* **Exercise objective**: Since the copy must hold text only, transcribe the data below exactly and omit the images.
<<<<
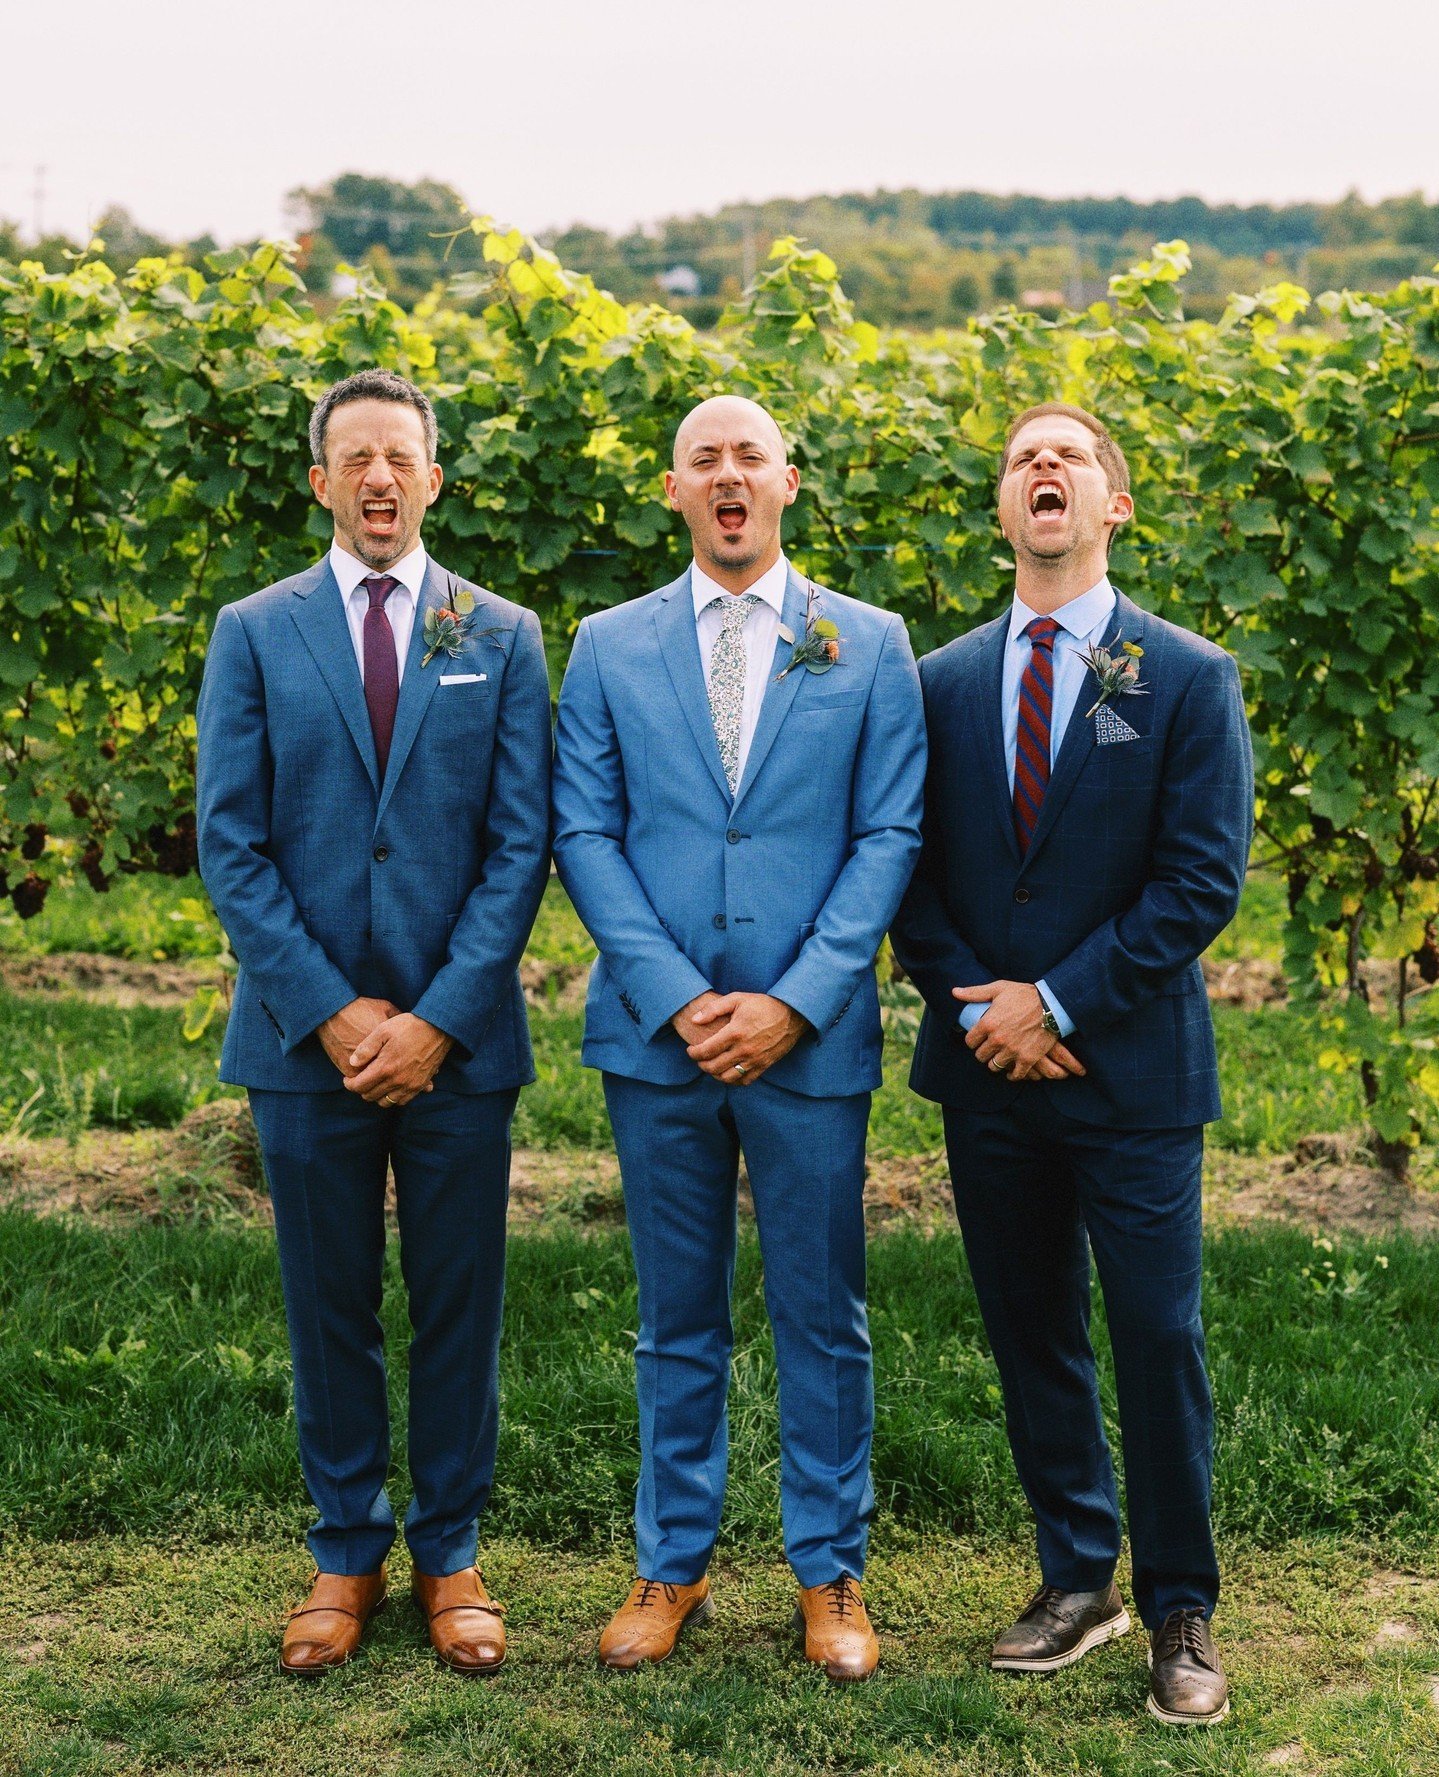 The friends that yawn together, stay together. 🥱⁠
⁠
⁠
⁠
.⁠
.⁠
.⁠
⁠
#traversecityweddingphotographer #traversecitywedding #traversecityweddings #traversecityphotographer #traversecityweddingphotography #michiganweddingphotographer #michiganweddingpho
>>>>
* **Exercise answer**:
 The friends that yawn together, stay together. 🥱⁠
⁠
⁠
⁠
.⁠
.⁠
.⁠
⁠
#traversecityweddingphotographer #traversecitywedding #traversecityweddings #traversecityphotographer #traversecityweddingphotography #michiganweddingphotographer #michiganweddingpho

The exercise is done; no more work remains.